3 Many Forms. Instantiating several of our large forms ground the
system to a halt but we needed to allow switching between data for
different patient visits. The solution was to create a single form
and switch the dataset it pointed to. Works well and is very fast.
Development Process
Over the years I have gotten used to advanced development
environments like Visual Studio and Eclipse. Maybe I've gotten soft
but when coding in Laszlo I really want that little red underline to
appear when I misspell a function or attribute name. However, Laszlo
does support isolated component testing very well. Typically we would
extract the small piece we were working on, include only the files it
needed, and attach it to an in-line dataset instead of a remote one.
This allowed a very quick edit/compile/debug cycle.

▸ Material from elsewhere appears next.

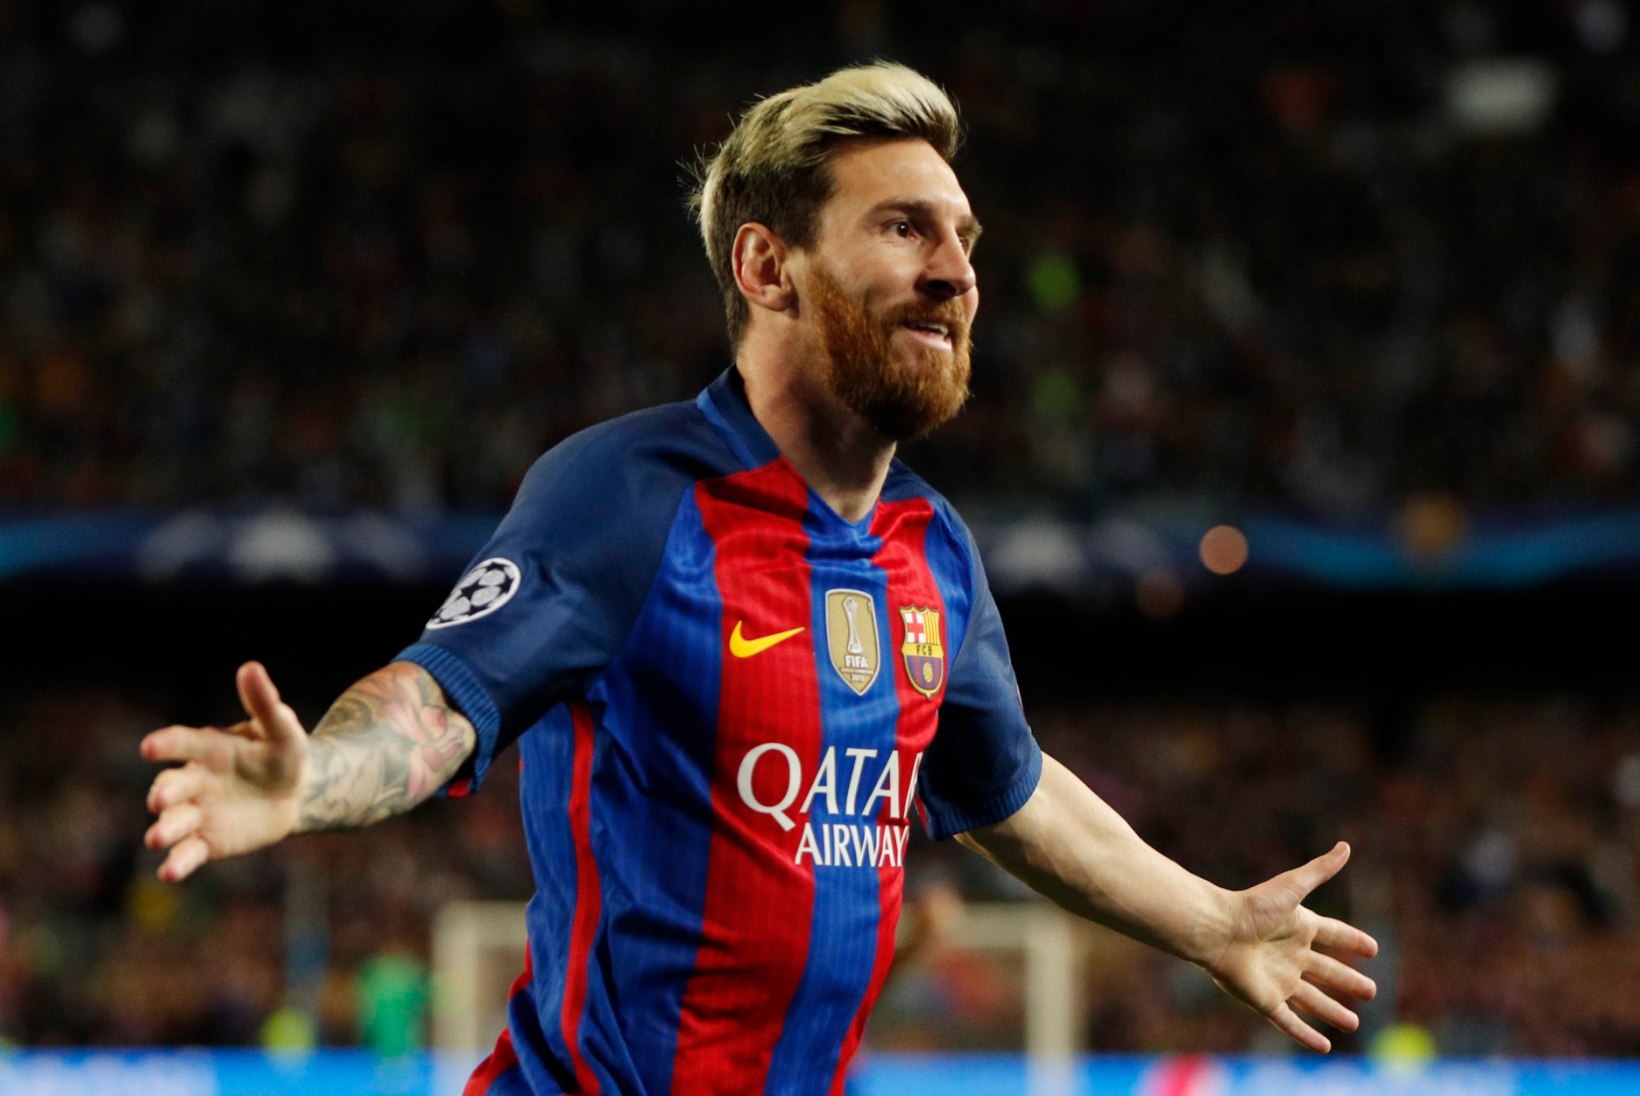 NII SEE JUHTUS | Sport 19.10: Messi hiilgas, Kangur tabas võiduviske ja Johaug sai võistluskeelu

The ability to easily switch between file-based and remote datasets
also allowed us to develop UI pieces while the database access code
was still being written.
Creating custom components is Laszlo is very easy. We created several
from simple expandable views and Yes/No controls to complex object
list controls. It does take a little while to completely understand
what is going on with replication but that is partly because it is a
fairly novel concept.
Summary
We spent about four months working on the project with three
developers spending time working in Laszlo. The end result was great,
we shipped on time and the client is very happy with the application.
Those of us who have had experience developing HTML applications
certainly never want to go back to that.
I'll be watching the progress of OpenLaszlo with great interest and
looking for opportunities to use it in future projects.